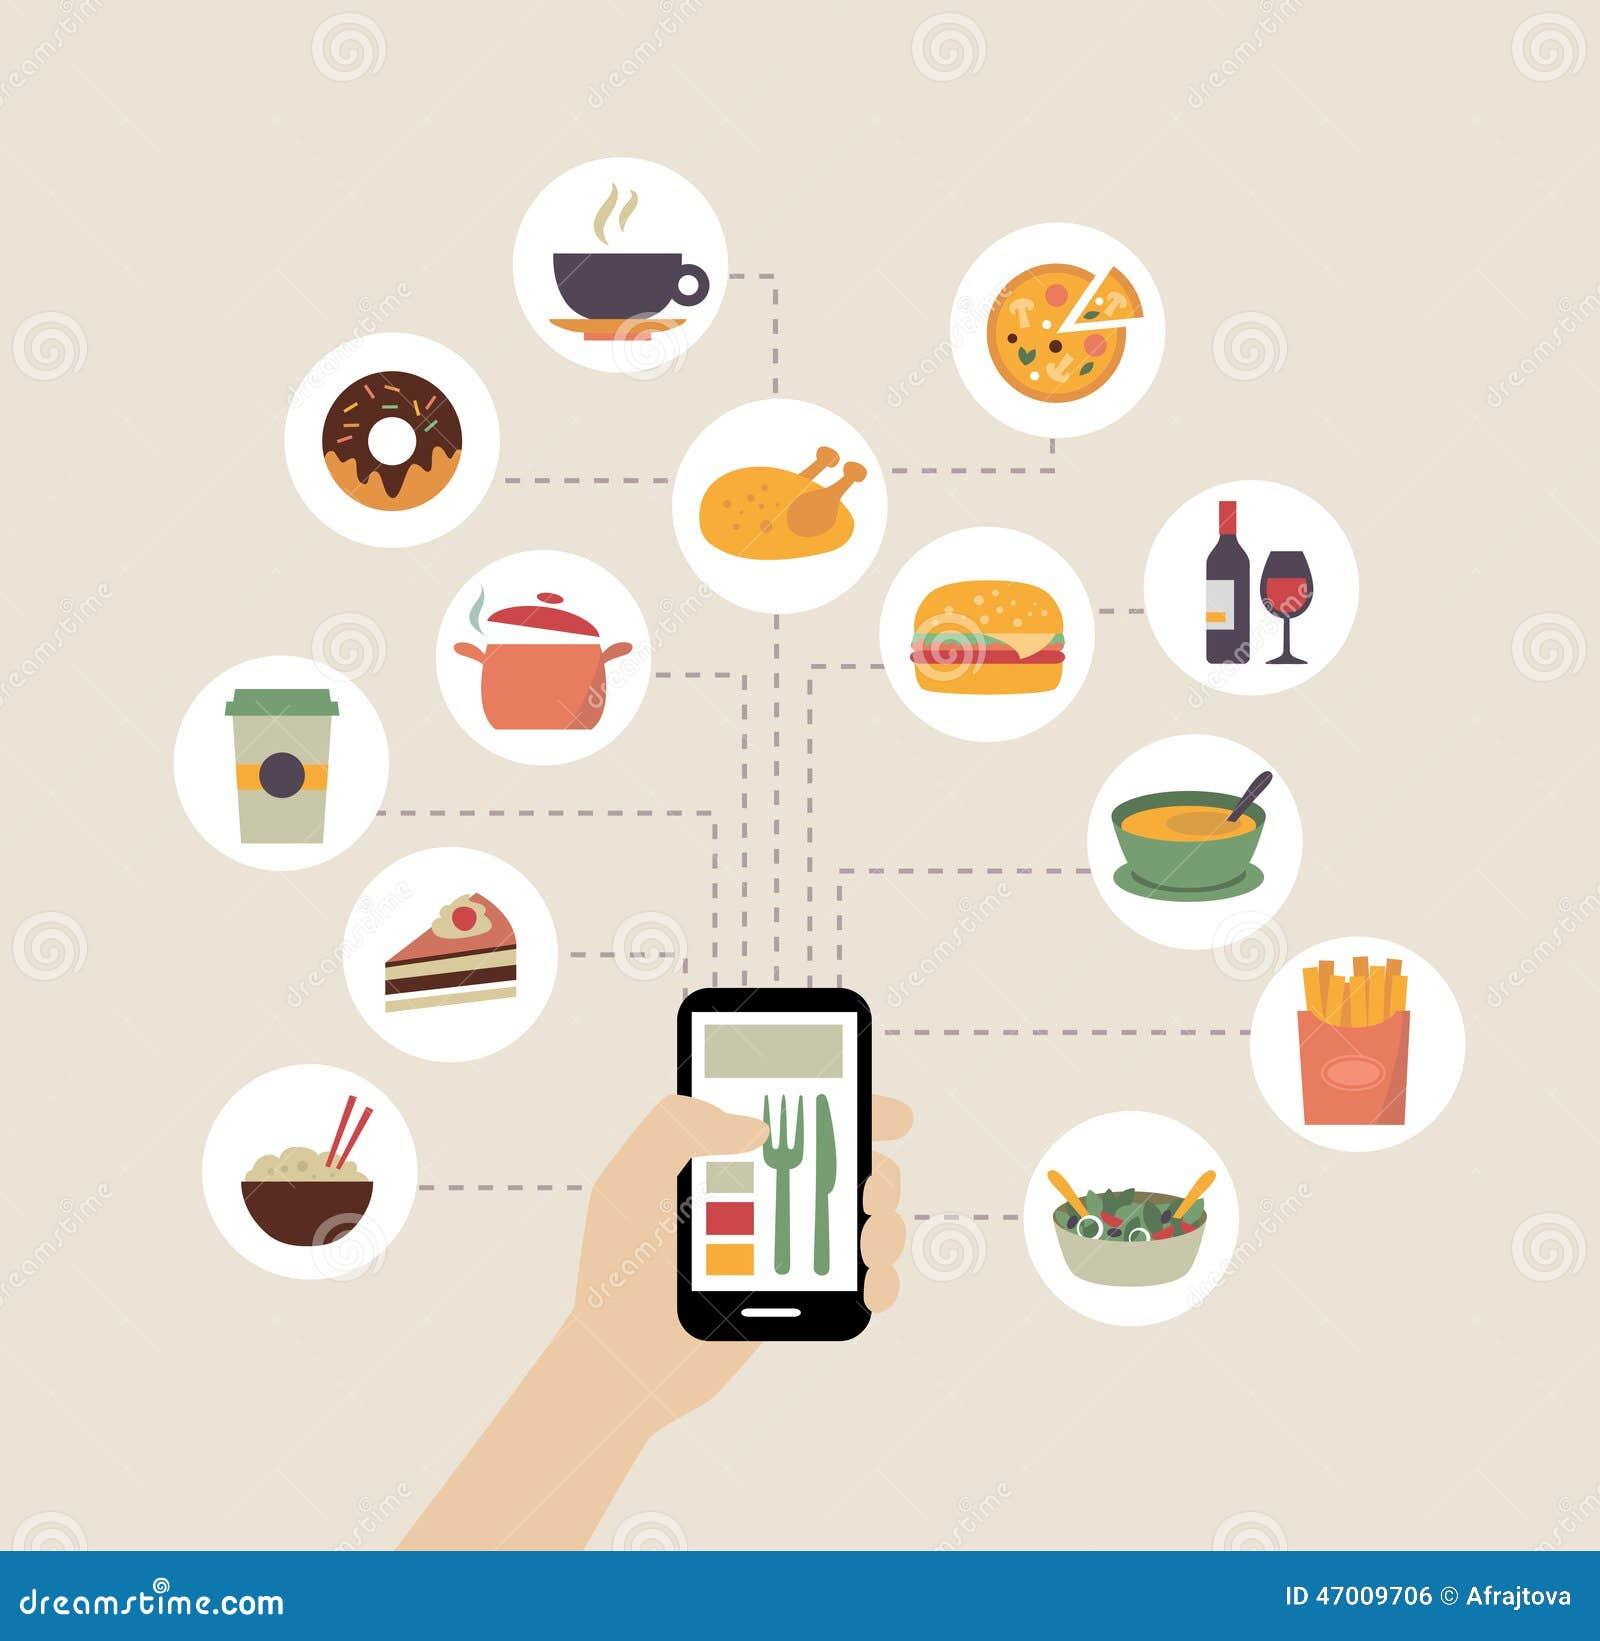 Ordering Food Online Or Food Blogging Stock Vector - Image ...
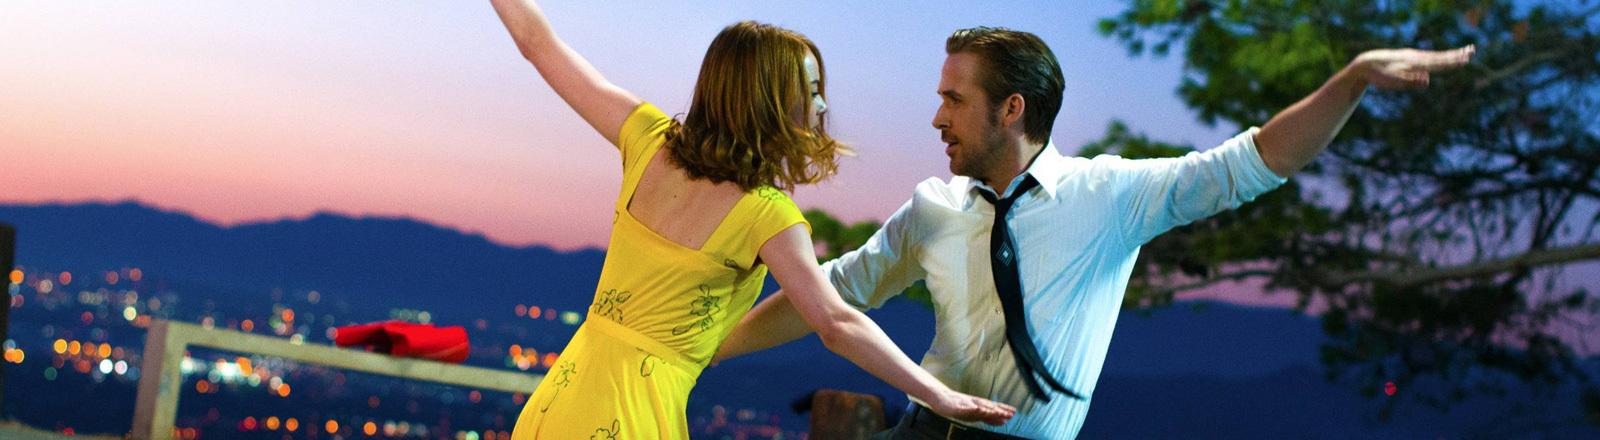 Szene aus dem Filmmusical La La Land.
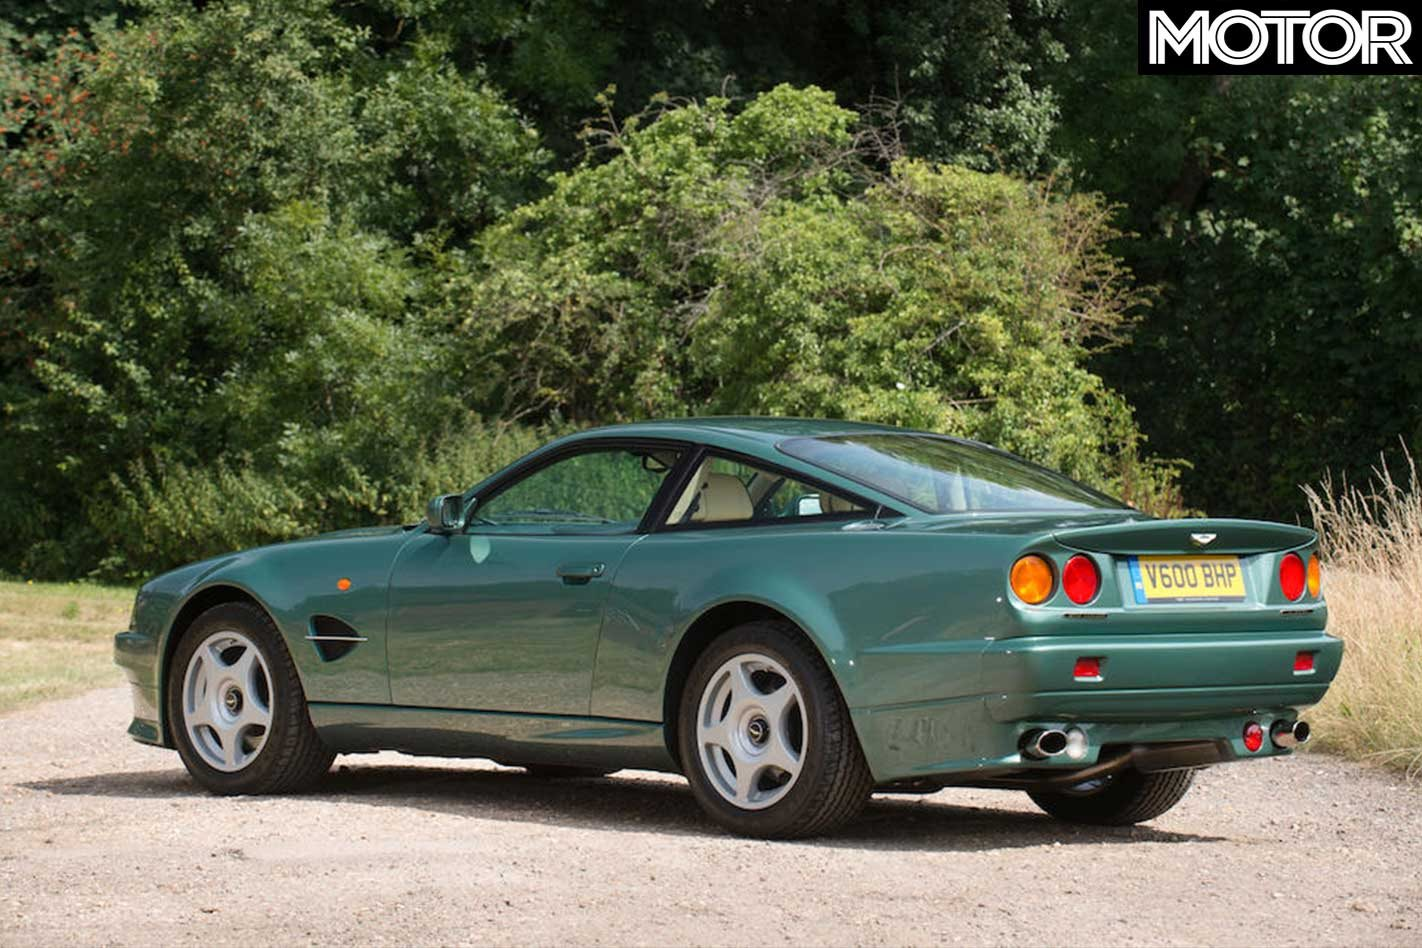 1998 2000 Aston Martin V600 Le Mans Fast Car History Lesson

REQUIREMENT
Omitting all pictures, give the preceding listing again exactly.

WORKED SOLUTION
 Ordering Food Online Or Food Blogging Stock Vector - Image ...
 Szene aus dem Filmmusical La La Land.
 1998 2000 Aston Martin V600 Le Mans Fast Car History Lesson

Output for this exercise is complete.